Gas cans, used to torch the buildings
Strangely, both the Khmer Rouge and Vietnamese used captured US made materials and weapons against their former communist ‘brothers’. But when it came to firepower, the Vietnamese had even more captured US made weapons than the Khmer Rouge did. I recall a Huey helicopter I recently saw outside a Saigon museum. Captured from the ARVN, it had been repainted with the logo of communist Vietnam. When Vietnam invaded Cambodia later in 1978, that chopper went back into action. There were US made weapons being used by both sides of this new war. 

This use of foreign weapons makes me wonder. If there had never been any foreign arms brought into Southeast Asia at all, (from the US, USSR, China, France) what weapons would they have used here? Knives and bamboo spears?

12th century Khmer empire that included Mekong Delta
When Vietnam decided to invade Cambodia and remove the Khmer Rouge, disbelieving westerners never saw the war coming. This was almost inconceivable. Two communist armies, previously allies, turned on each other. These former friends were intent on annihilating the other. 

The rag-tag army of Khmer Rouge fighters had raised the ire of the largest, most experienced army in all of Southeast Asia.
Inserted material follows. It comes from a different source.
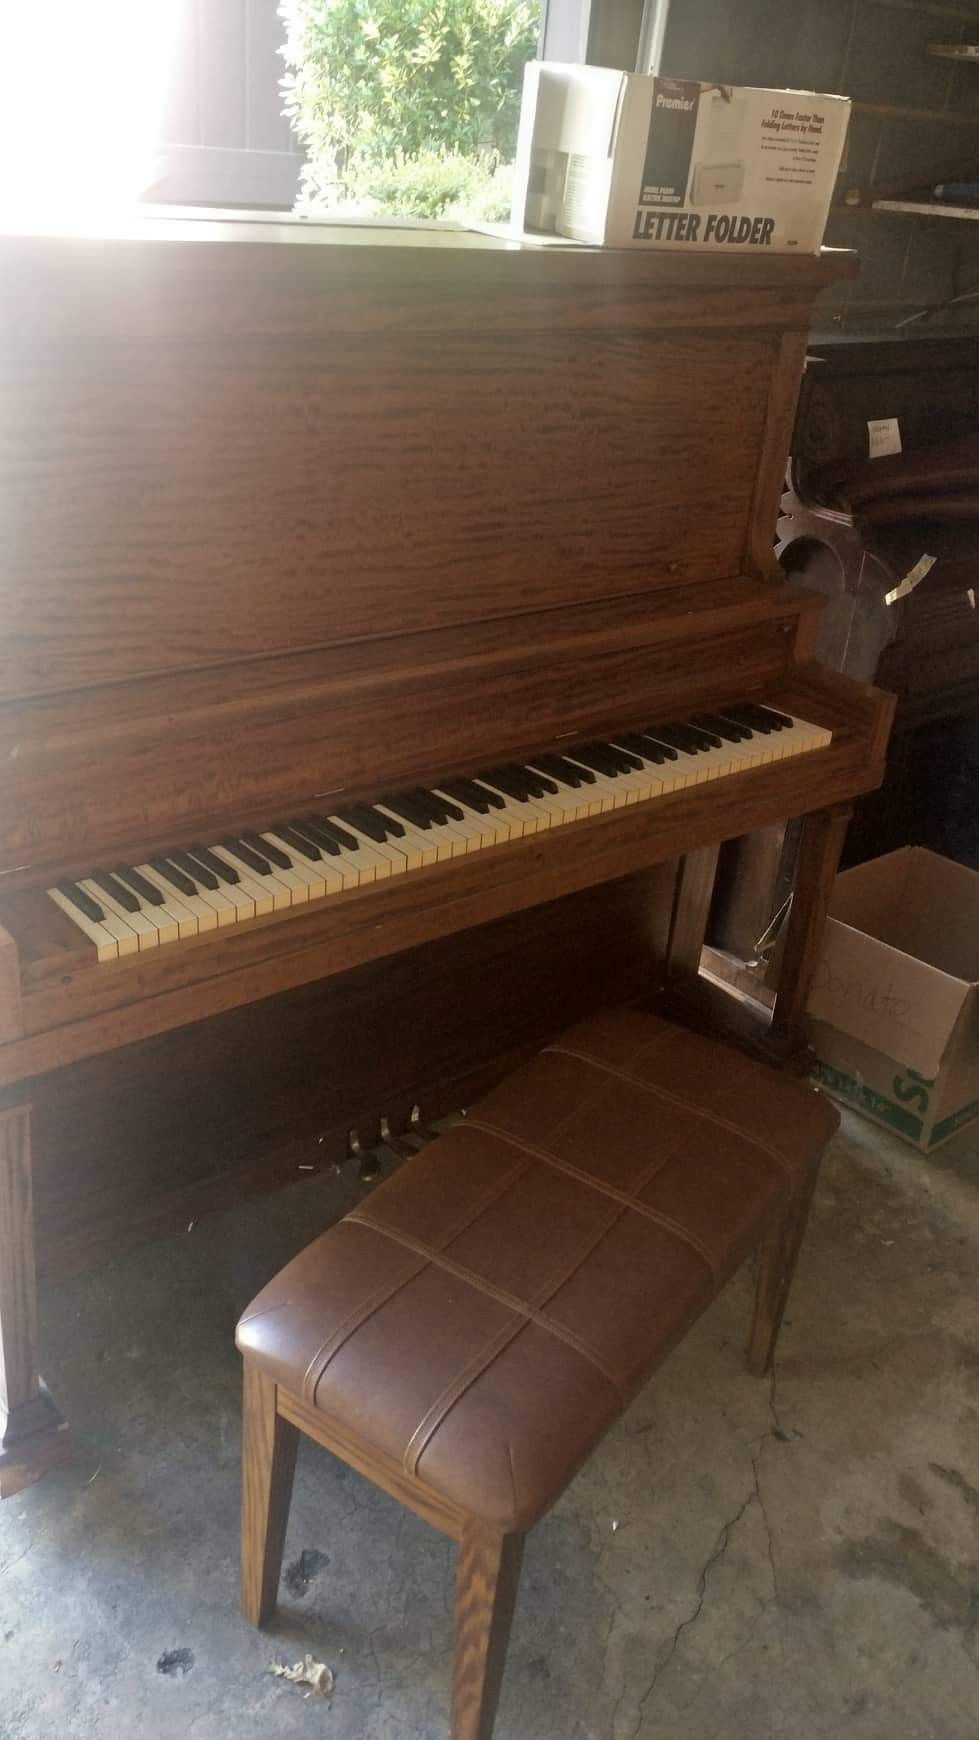 Becker Bros piano (working), with chair

Their leader Pol Pon, as Pol Pot is known here, would be outnumbered, outgunned, and he would lose.

As horrible as the Ba Chuc massacre was, history can say that these people did not die in vain. Their deaths influenced the Vietnamese government to invade Cambodia, and force the murderous Khmer Rouge out of power. When this attack happened here, it was the beginning of the end for the Khmer Rouge. The days of the Cambodia genocide were numbered. 

The border to Cambodia is open and peaceful now, but there are still some Vietnamese Army bases in use out along the delta highway. After what happened here, it seems that the Vietnamese never want to leave this area of the delta undefended again.